_Provided material_.

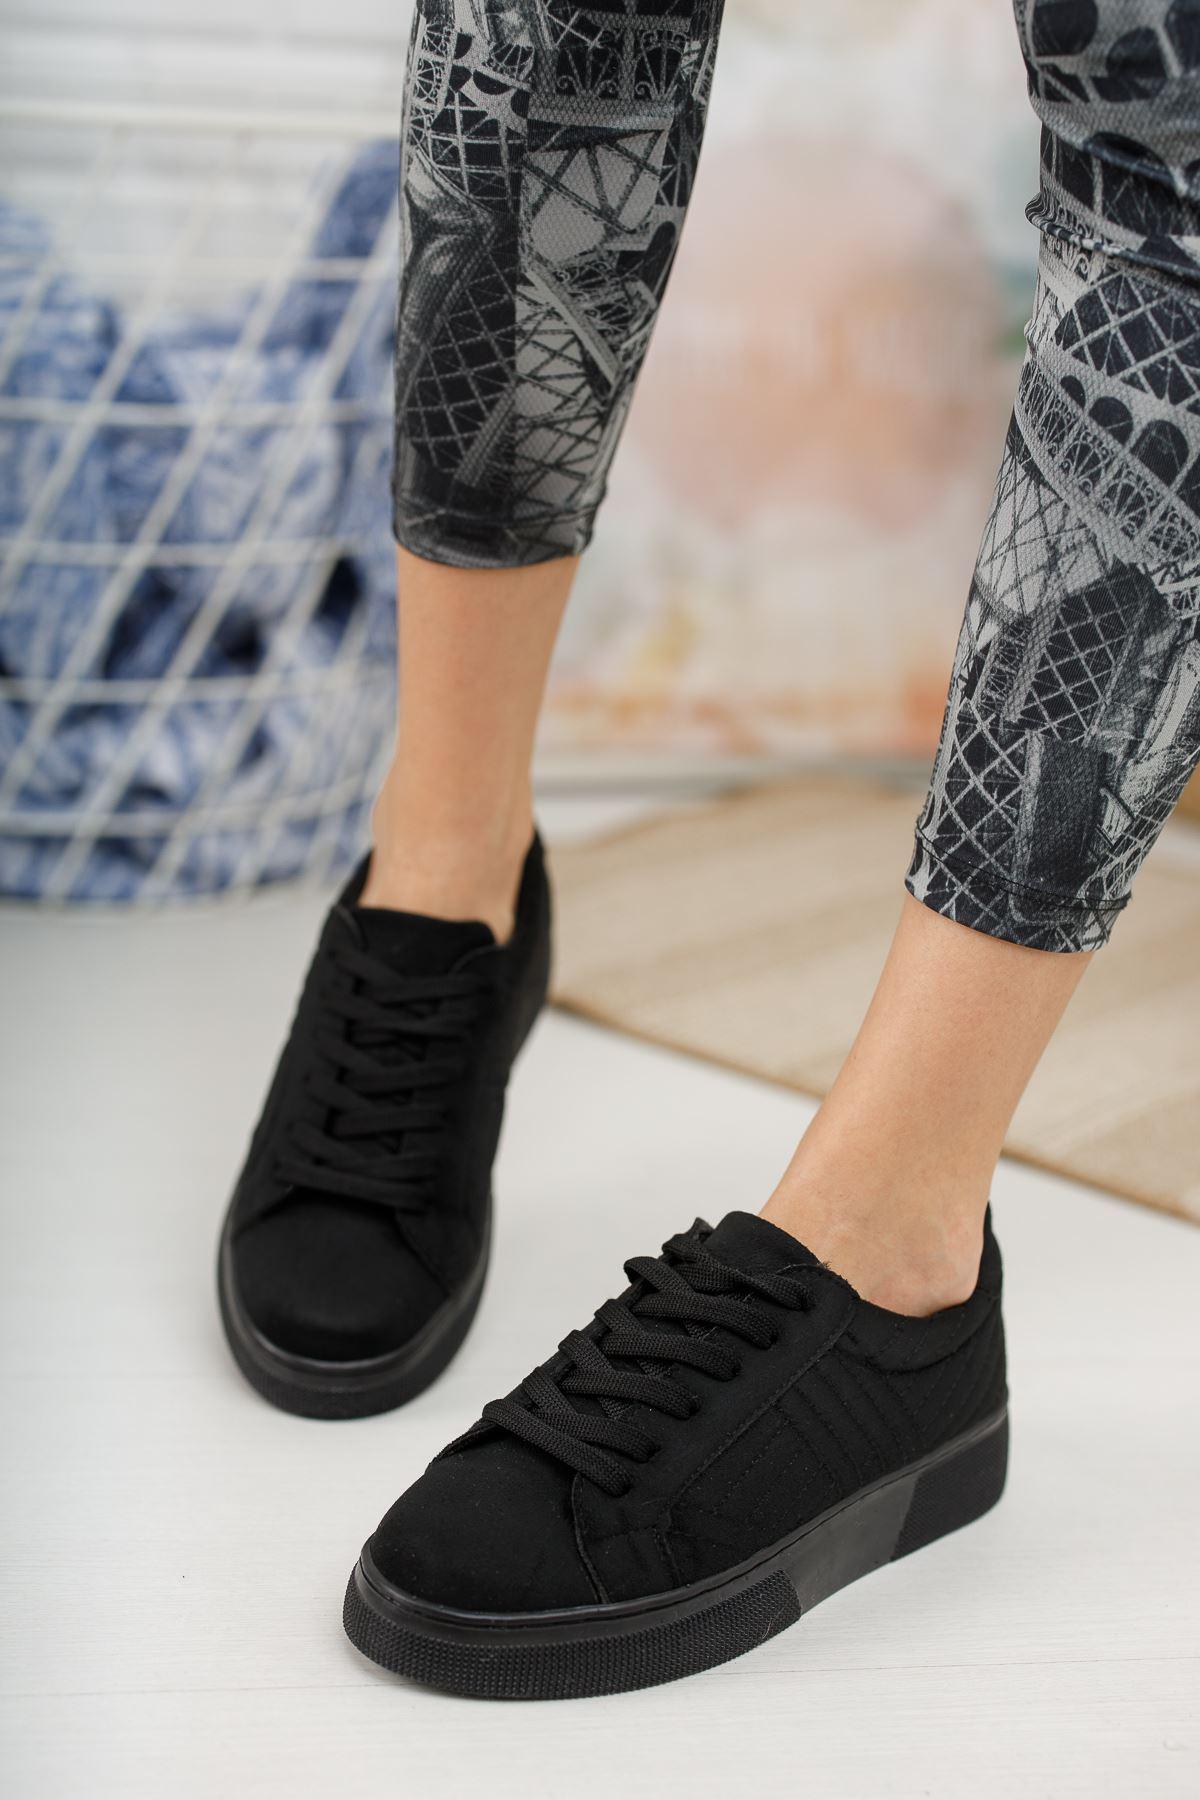 Marita Kapitoneli Bağcıklı Siyah Süet Spor Ayakkabı
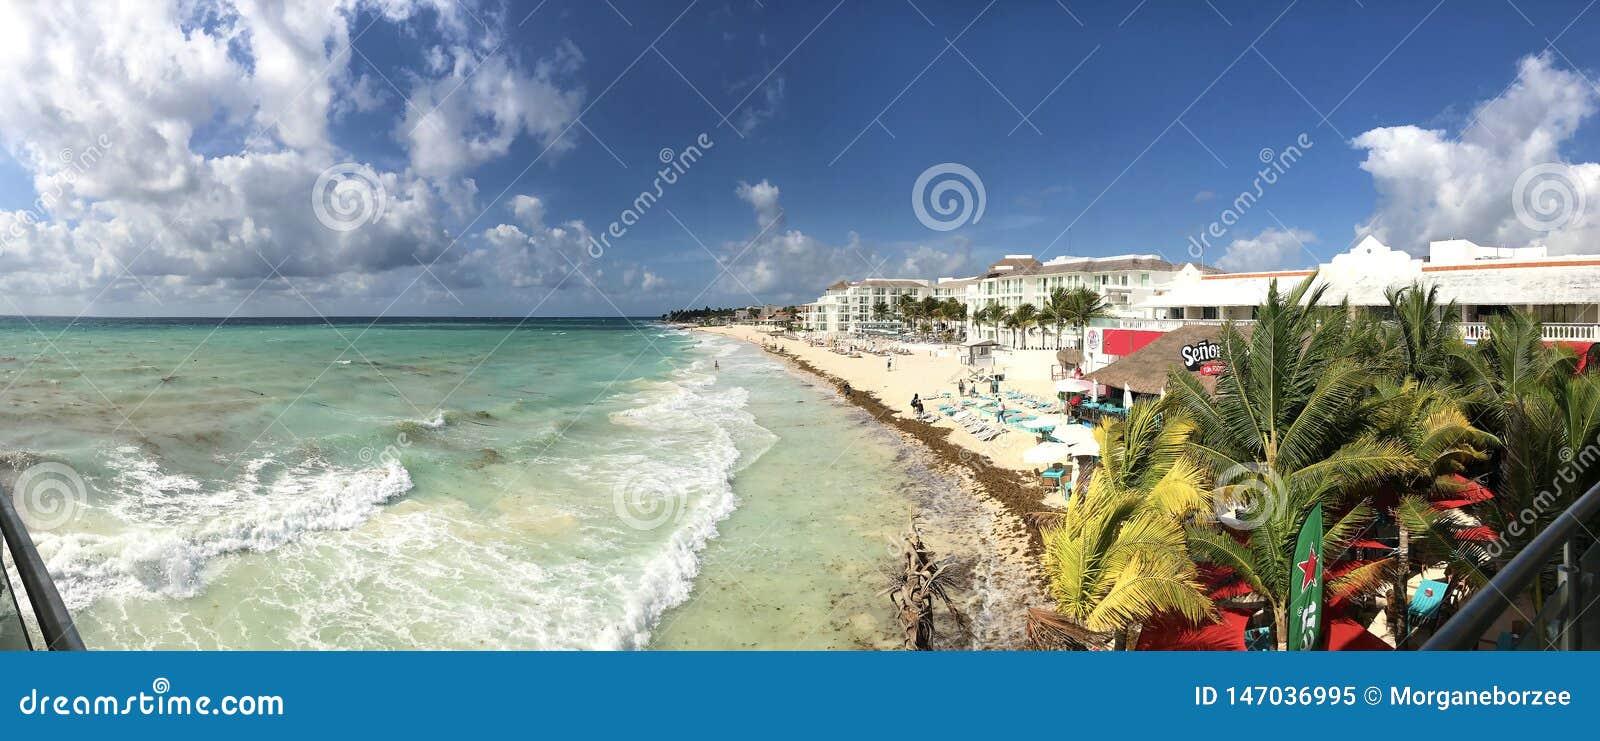 Vista panorámica de la playa, de los hoteles y de la barra de la turquesa
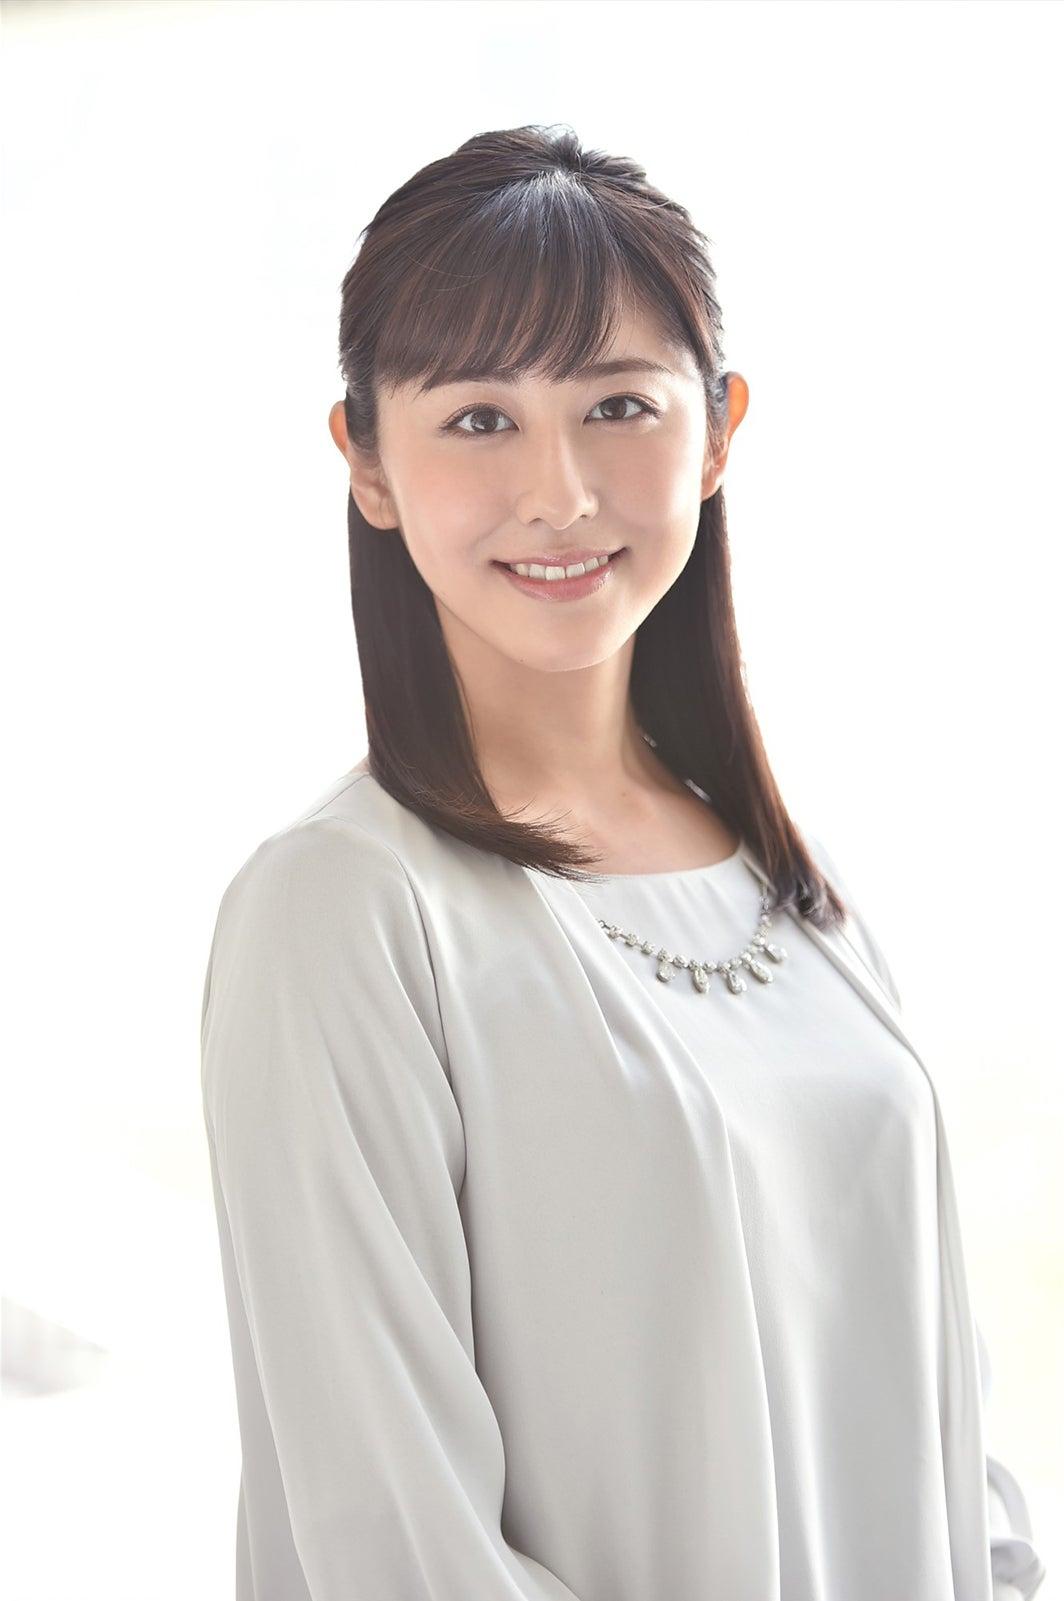 斎藤ちはる(画像提供:テレビ朝日)

_Problem statement_.
Exact repetition of the material above is required, with the images removed.

_Task output_.
 Marita Kapitoneli Bağcıklı Siyah Süet Spor Ayakkabı
 Vista panorámica de la playa, de los hoteles y de la barra de la turquesa
 斎藤ちはる(画像提供:テレビ朝日)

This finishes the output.